Breast milk ORAC in women with GD was positively correlated with plasma ORAC. Additionally, plasma ORAC was significantly increased between 29 weeks and 35 weeks gestation women with GD, and between 29 weeks gestation and 8 weeks postpartum [41]. Research is very limited surrounding plasma ORAC in women with GD during pregnancy and postpartum. A recent study by Zygula et al. [42] measured oxidative stress markers in plasma between women with and without GD; the women with GD were either treated by diet or by insulin. Therefore, women with GD who were treated with diet had significantly higher plasma ORAC compared to women treated with insulin and women without GD [42]. The researchers hypothesize that the increased antioxidant capacity in the diet-controlled GD group may be because the group had a more balanced diet compared to the insulin-controlled and NG group, potentially due to the fear of hyperglycemia or hypoglycemia [42]. More research is needed to determine the effects of diet on both plasma ORAC and breast milk ORAC.

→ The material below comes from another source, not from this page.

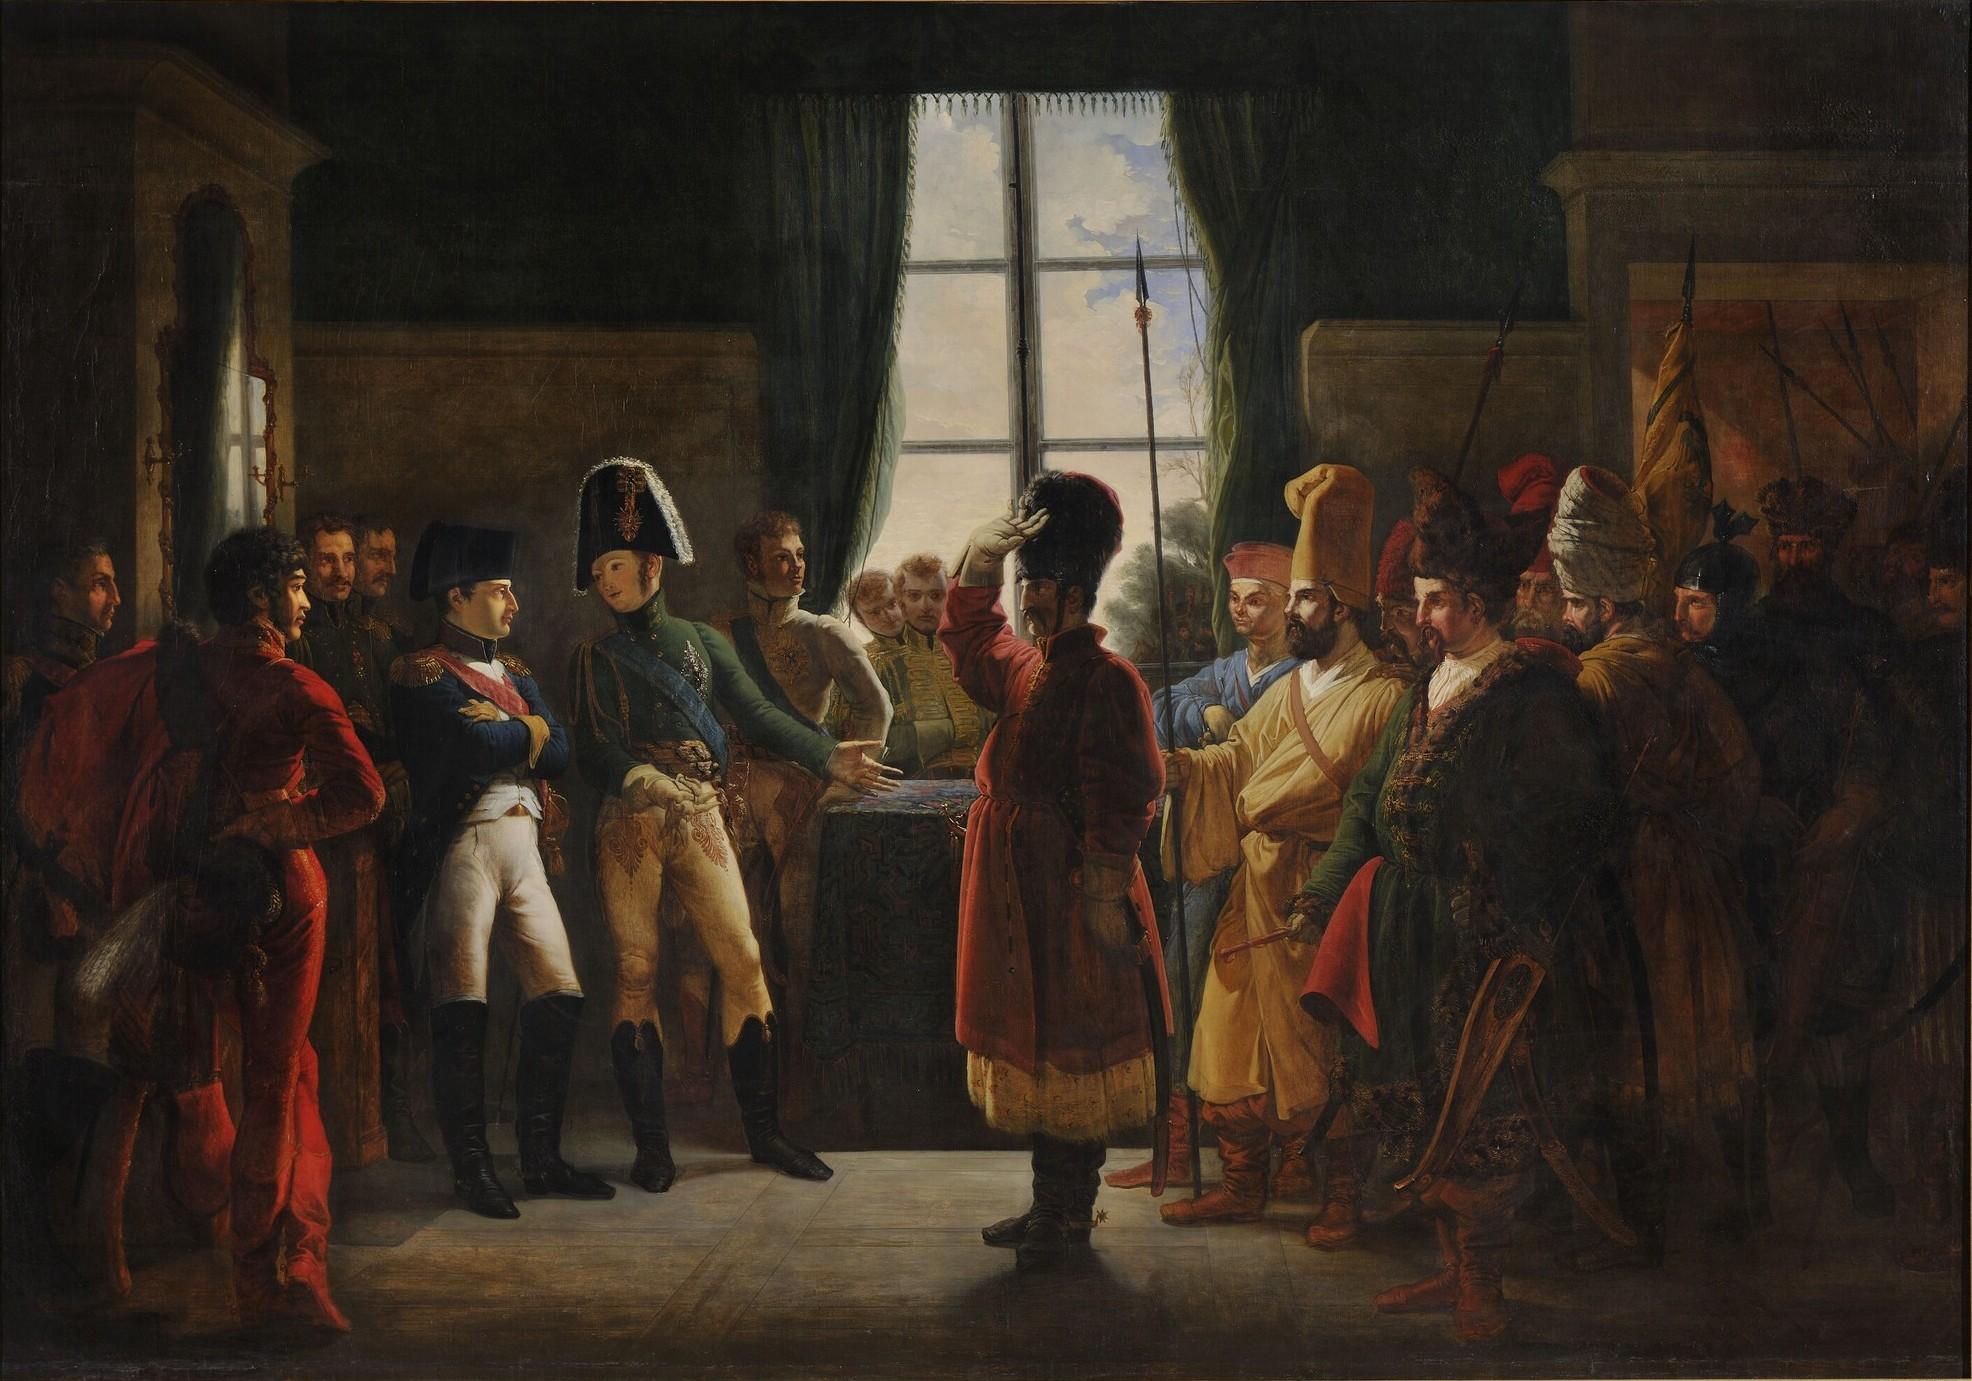 File:Bergeret - Alexander Ier présente à Napoléon les Kalmoucks, les Cosaques et les Baskirs de l'armée russe (9 juillet 1807).jpg

The value of antioxidant richness in breast milk is conceivably important to protect nursing infants against OS [17,18,19,20,21]. Due to the limitations of recruitment and retention of subjects in this study, the sample size is relatively small, and hence our findings at this time are regarded as preliminary. From this work, it has been estimated that to establish 80% power to detect a significant difference in ORAC, a study such as this would require 22 NG women and 22 women with GD.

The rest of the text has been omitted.